Mas não é isso que vem acontecendo. Tenho sido impelida a compartir minha Buenos Aires com aqueles que vêm me ver, aqueles que querem vir me ver e aqueles que querem ver Buenos Aires como a vejo. Eu sou obrigada abrir mão do meu egoísmo e compartilhar sob pena de me tornar uma avarenta de alma, uma tacanha de espírito. Às vezes, estou na Catedral e me sinto numa festinha da família Adams, noutras numa cena de Amacord, um filme do Pasolini, num tango de Piazzola, perdida e subversiva como na obra de Bertolucci.

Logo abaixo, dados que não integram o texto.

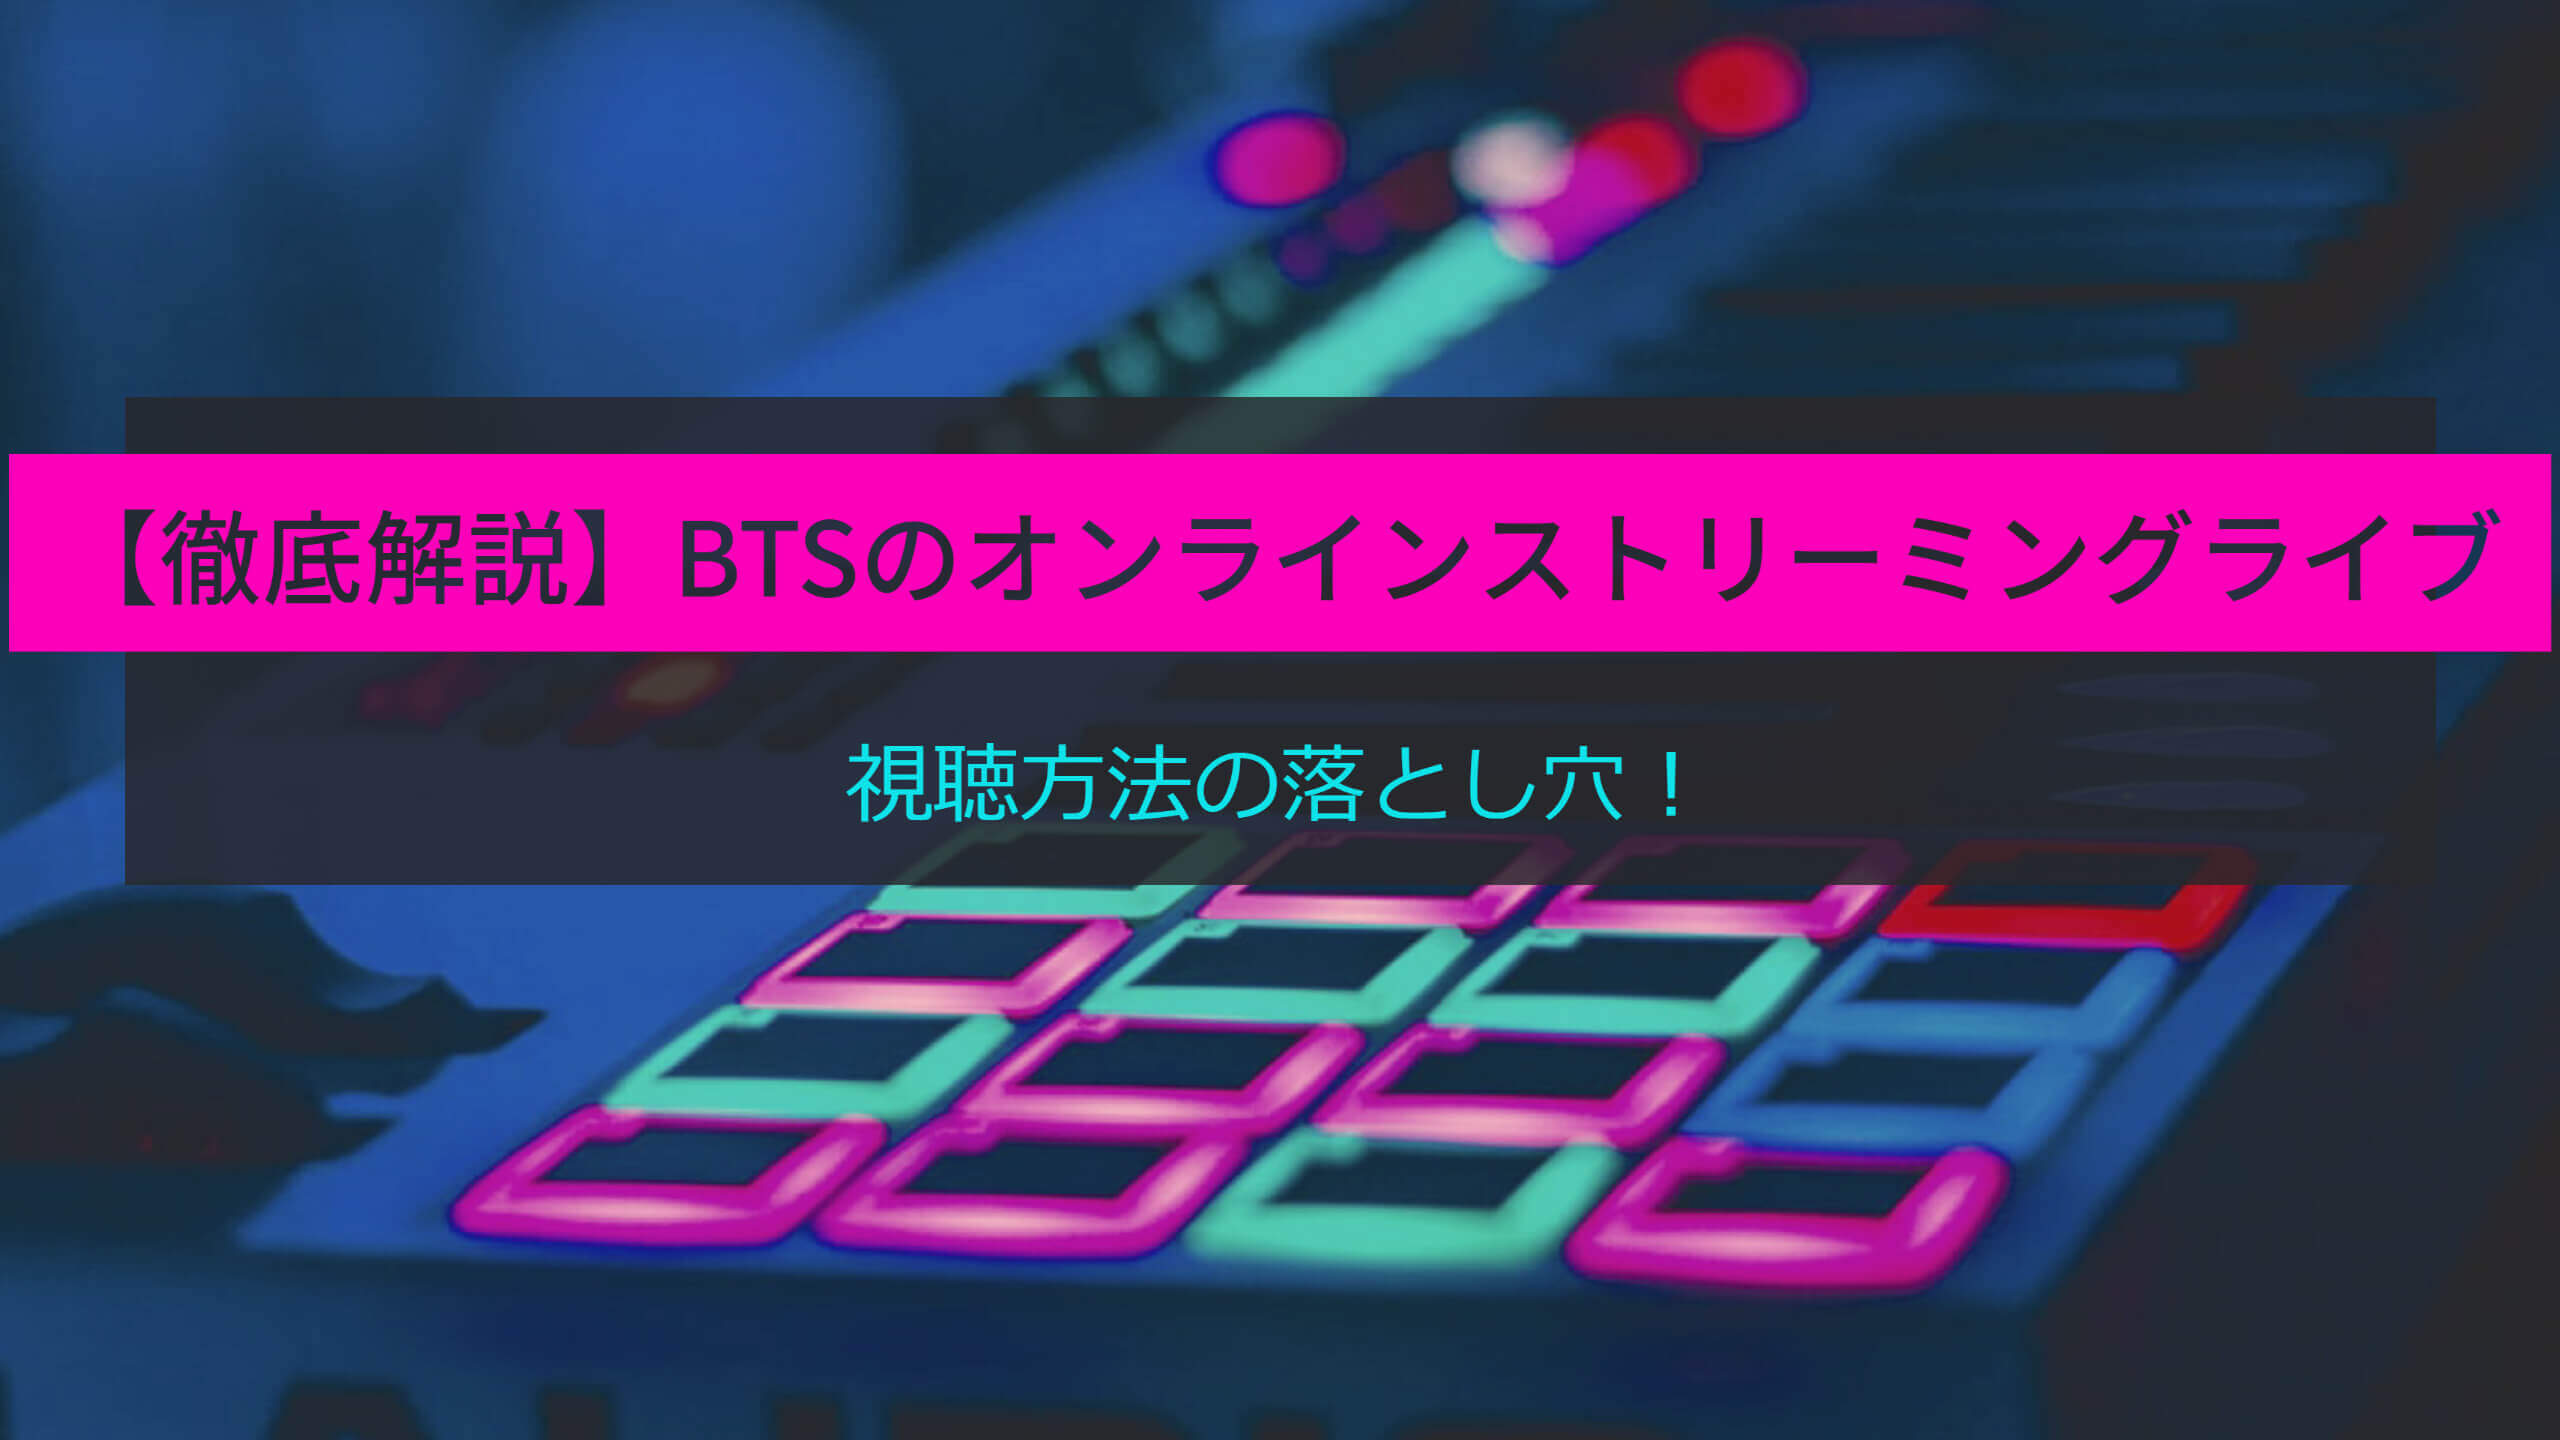 Bts オンライン ライブ 2022 テレビ で 見る 方法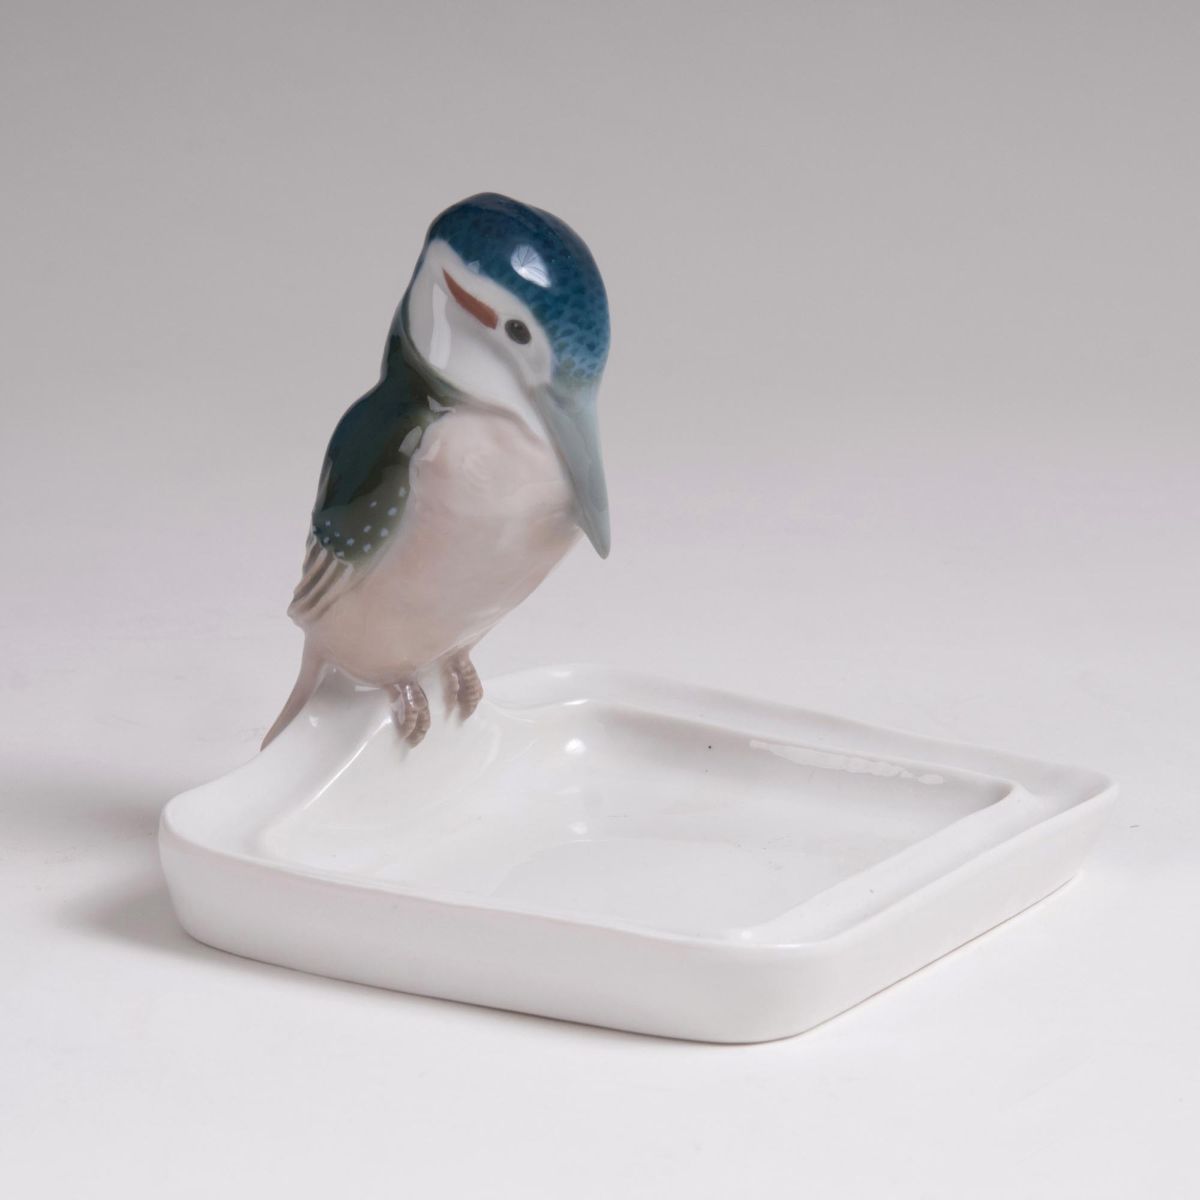 An Art Nouveau Figure 'Kingfisher on a Bowl'

 Tem dias que, acompanhados por músicos insistentes e borrachos, ficamos até o sol varar as altíssimas janelas do salão e quando saímos para a rua descobrimos que realmente a Catedral reside numa galáxia paralela, três buracos negros distantes do resto do mundo. Noutros dias acho que vão me pedir uma senha para entrar, como no filme Olhos Bem fechados do Kubrick. Fidelio, fidelio, fidelio!!!!!!

 

 

Ah, e os três tangos são Volver, Por Una Cabeza e Cambalache. E o funeral é do meu fígado, com ritos fúnebres realizados esta manhã e que ontem a noite foi flambado em Fernet. E para saber mais sobre a Catedral do Tango clique aqui!!! A aula do século é de Jorgelina Contreras, entidade do tango, milonga e folclore encarnada. Confira a grade horários no site e use com parcimônia.